**RECORD EXCERPTS**
—————

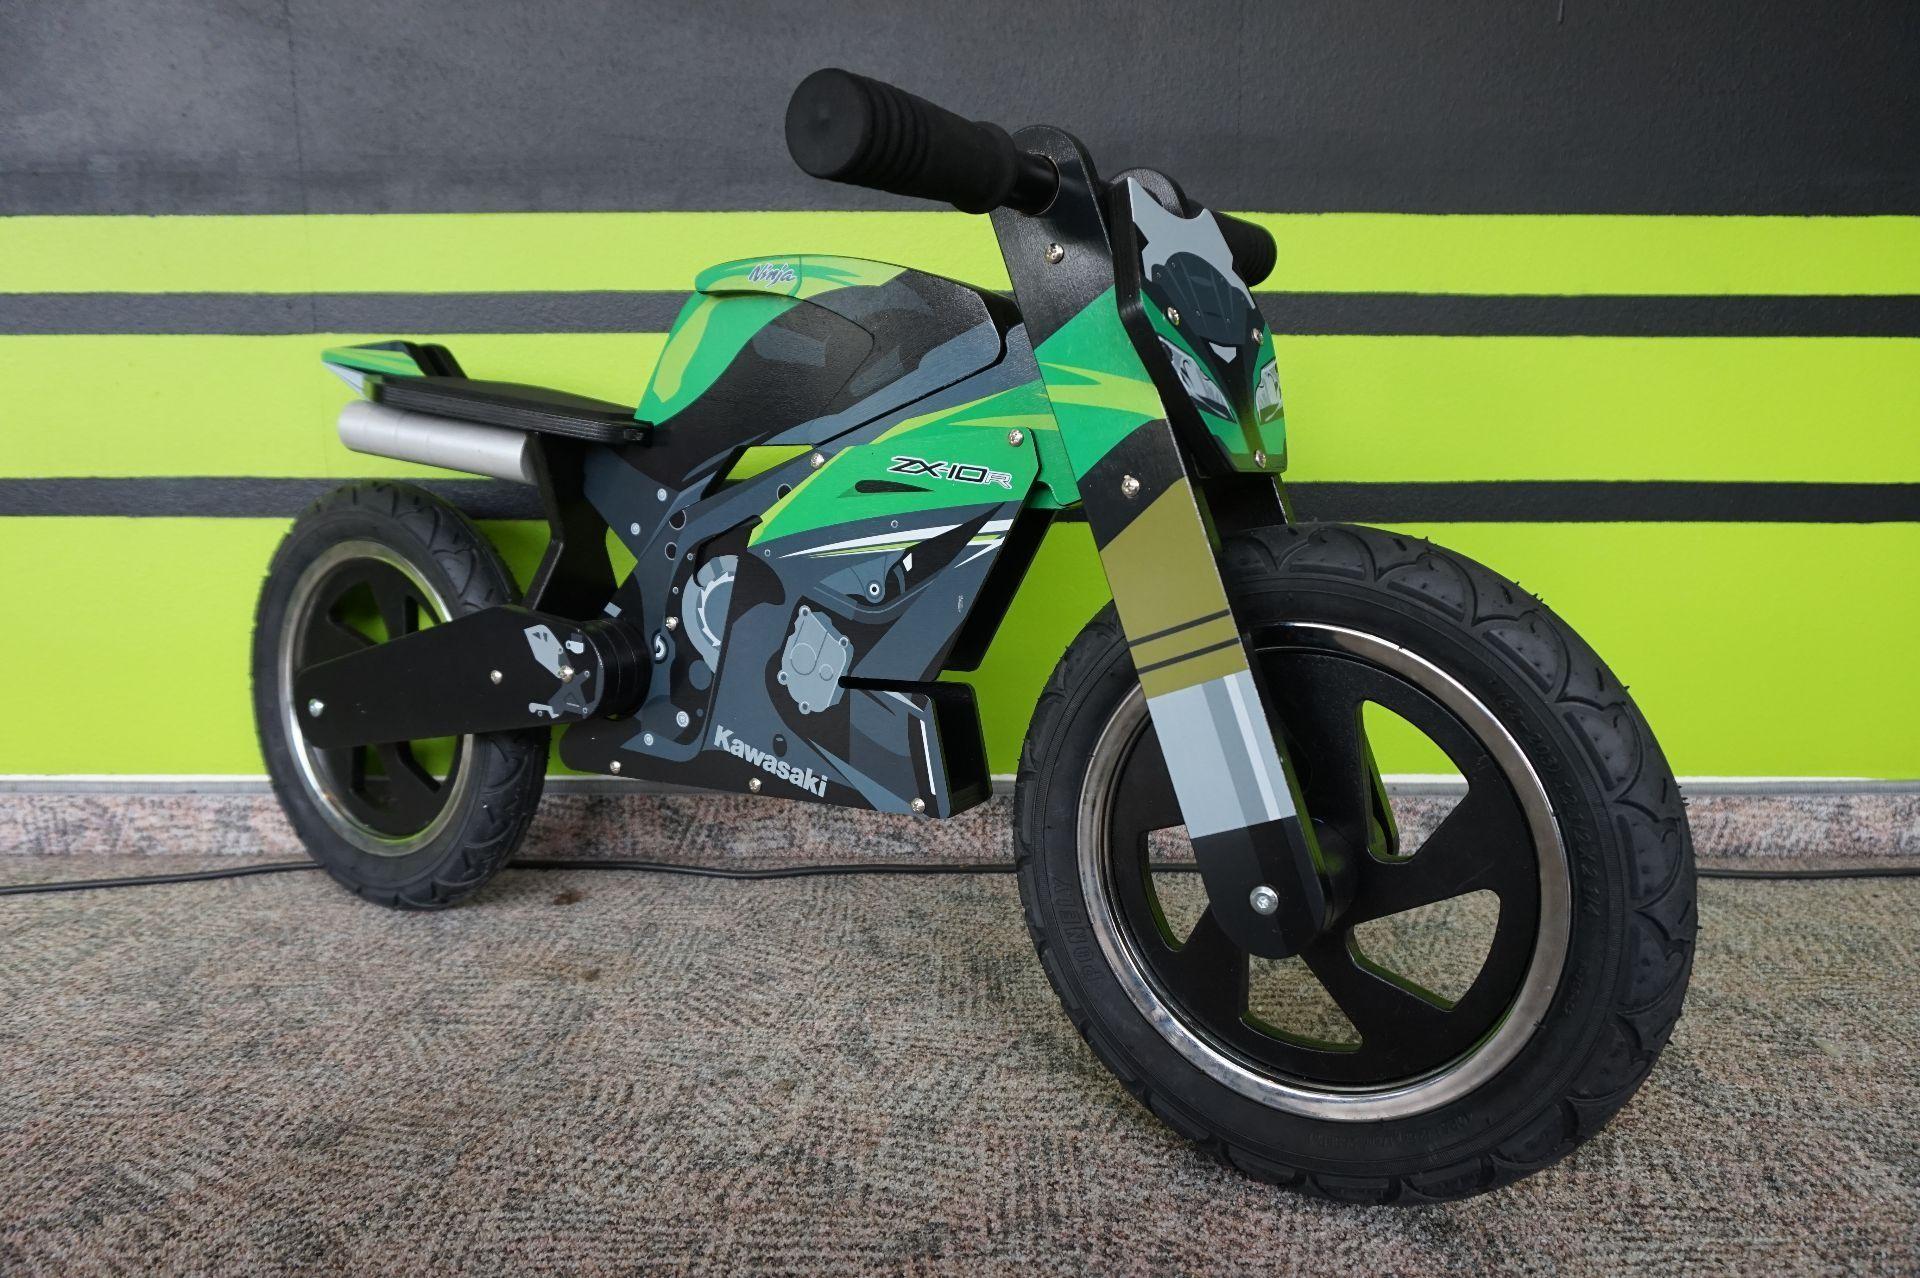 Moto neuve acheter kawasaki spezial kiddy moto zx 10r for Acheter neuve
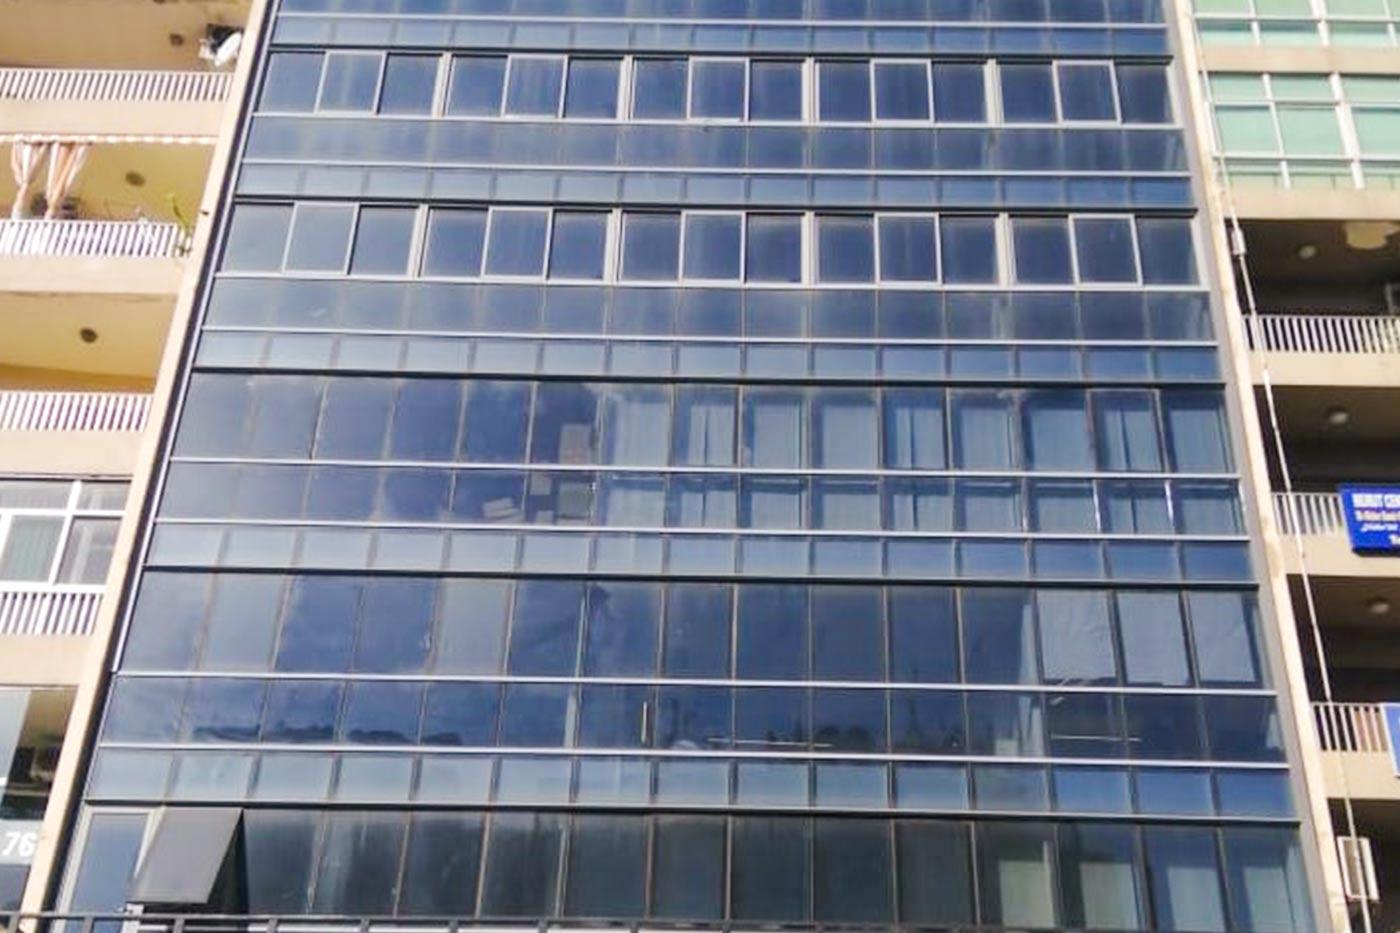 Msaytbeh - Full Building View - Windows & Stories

—————

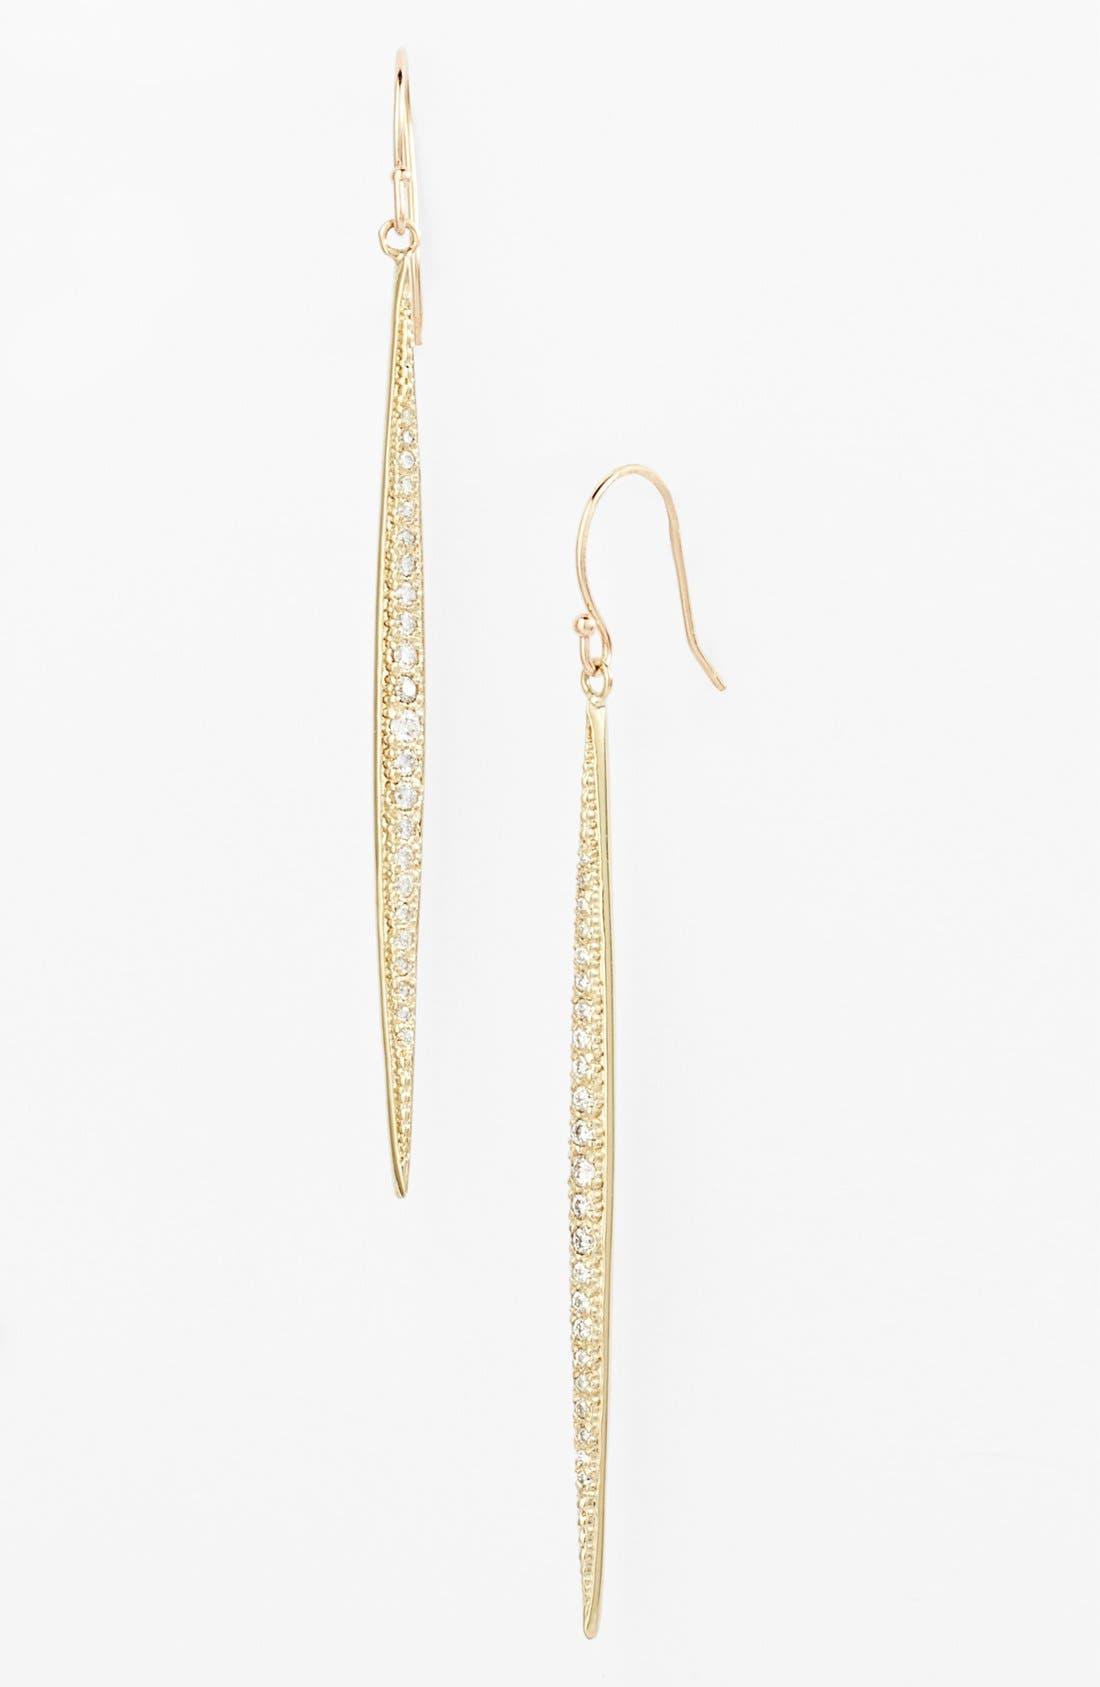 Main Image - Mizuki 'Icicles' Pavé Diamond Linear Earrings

—————

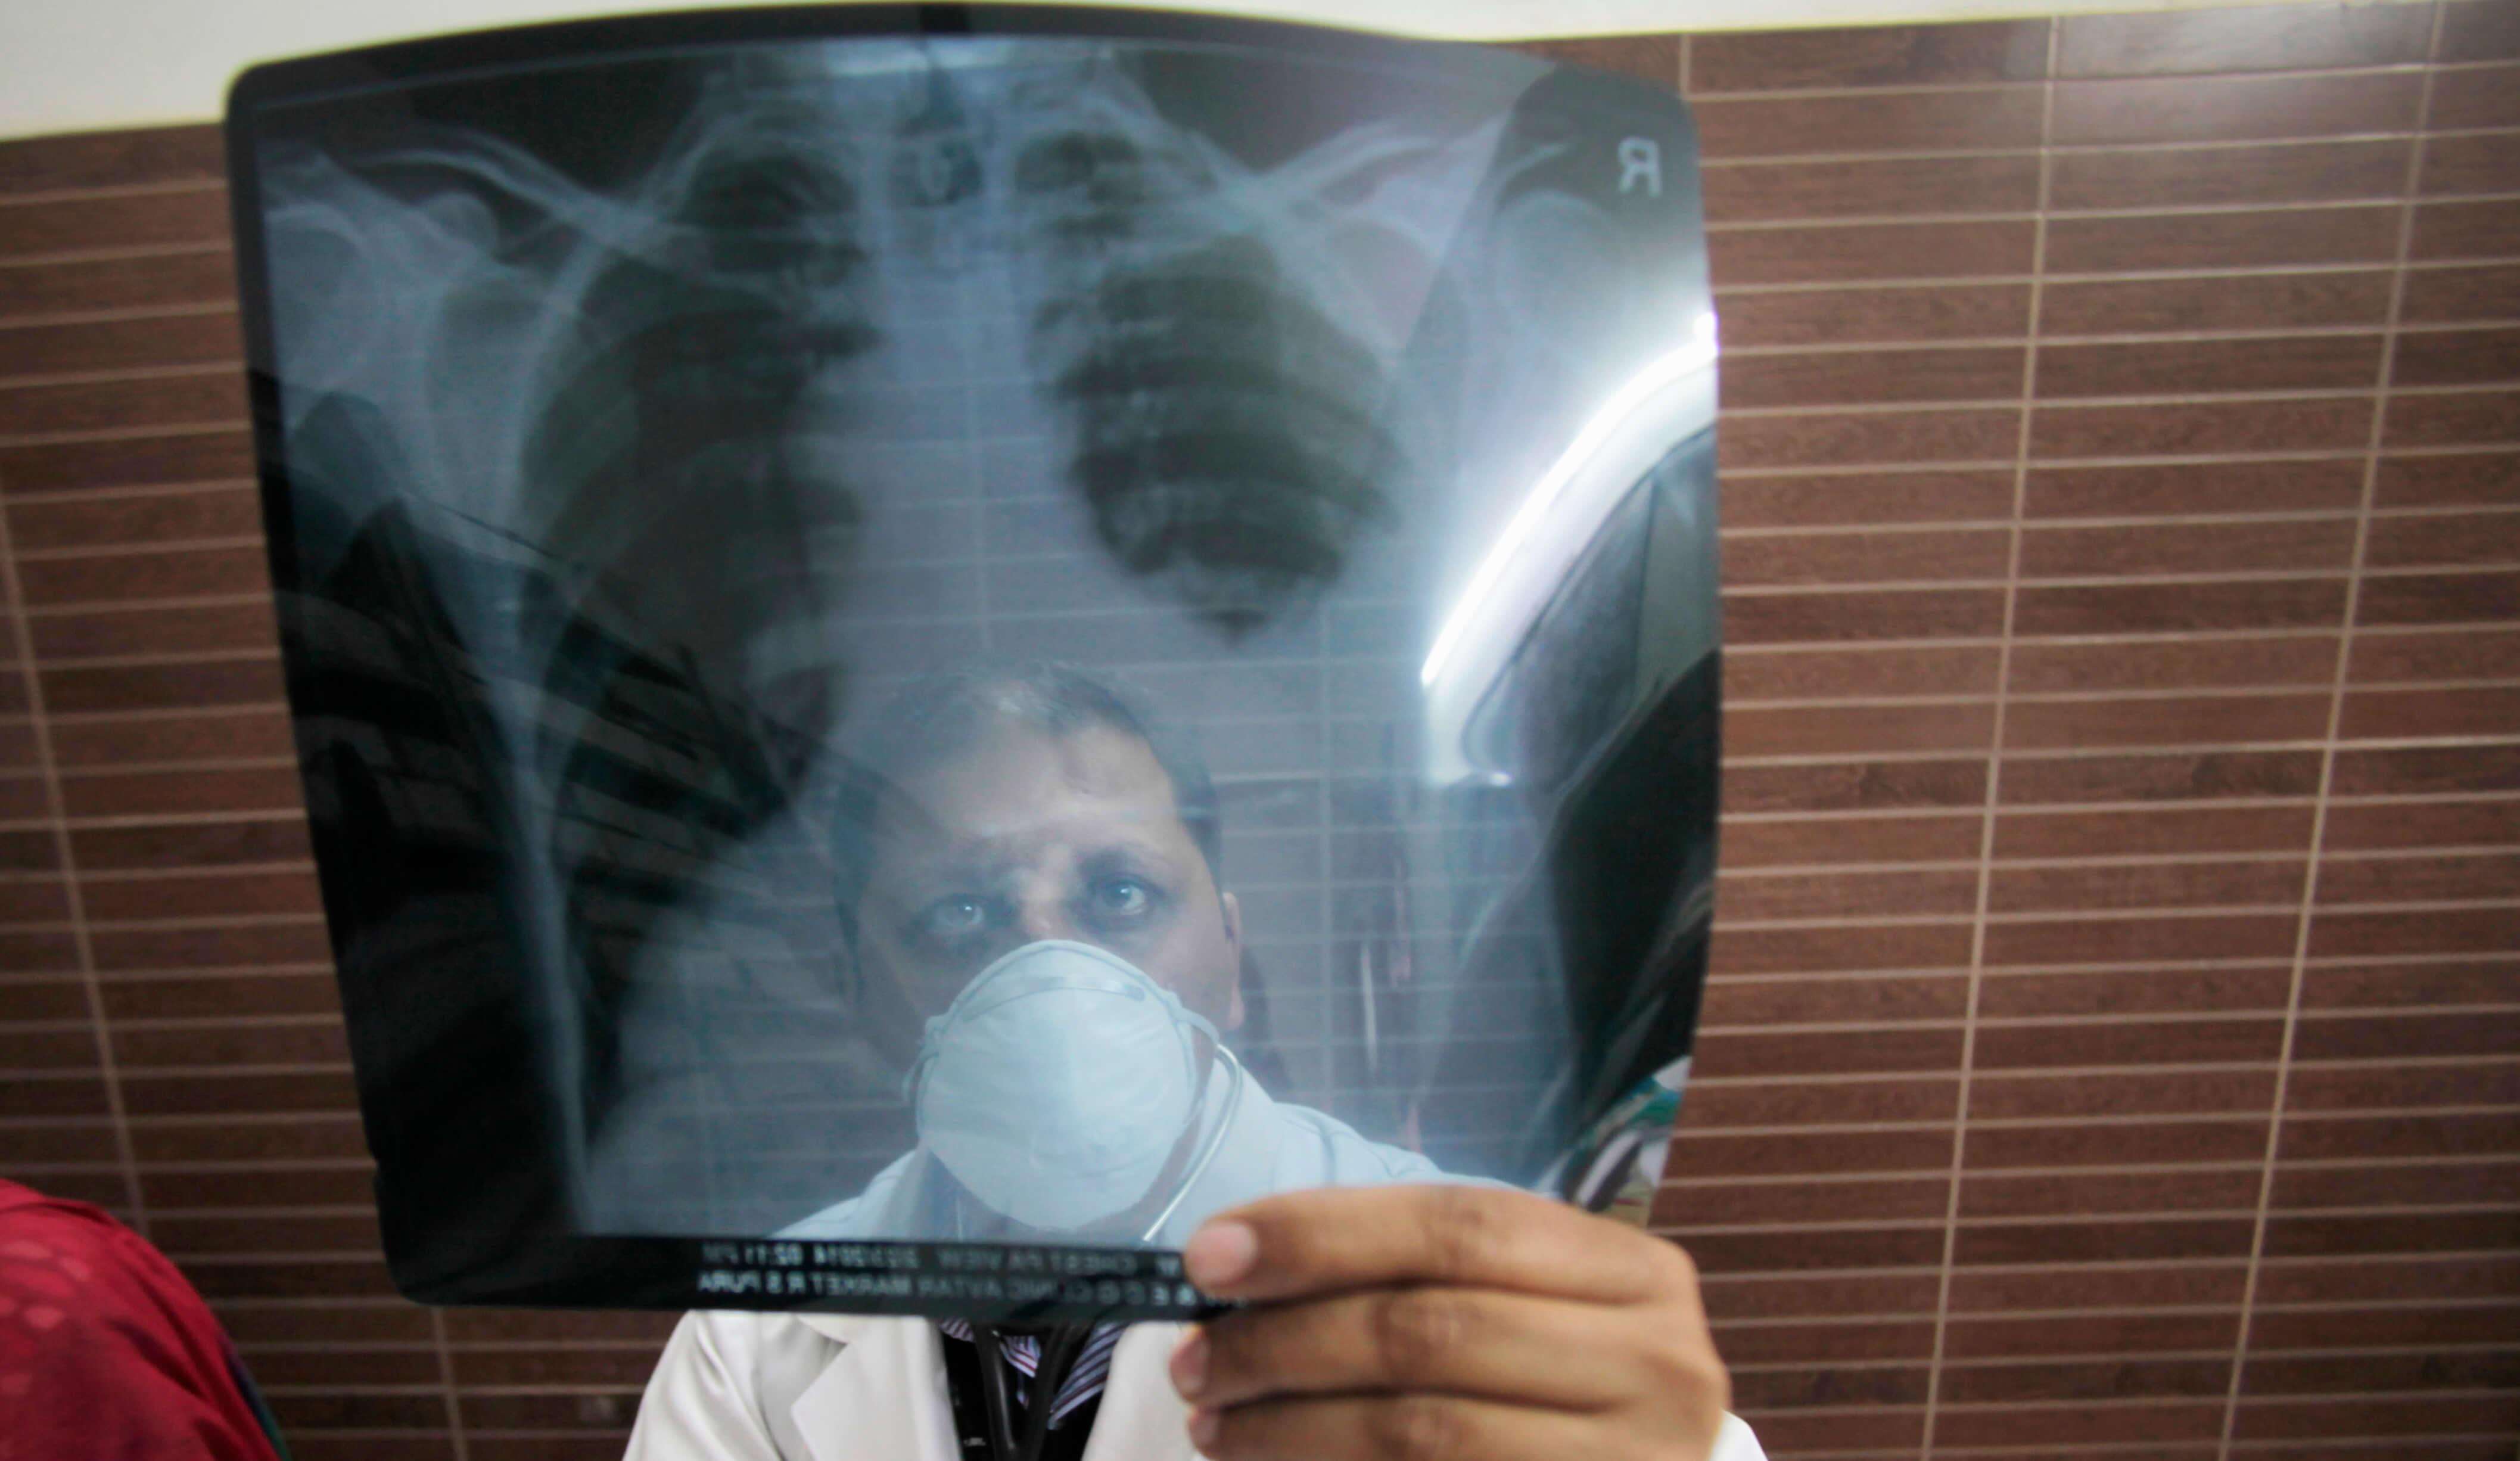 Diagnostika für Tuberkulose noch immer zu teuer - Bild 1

—————

**PROBLEM TO SOLVE**
Within the listing above, write out the stretch from the line with "Moto neuve acheter" through the line with "Msaytbeh - Full" exactly. Any pictures are to be left out.

**TASK RESULT**
 Moto neuve acheter kawasaki spezial kiddy moto zx 10r for Acheter neuve
 Msaytbeh - Full Building View - Windows & Stories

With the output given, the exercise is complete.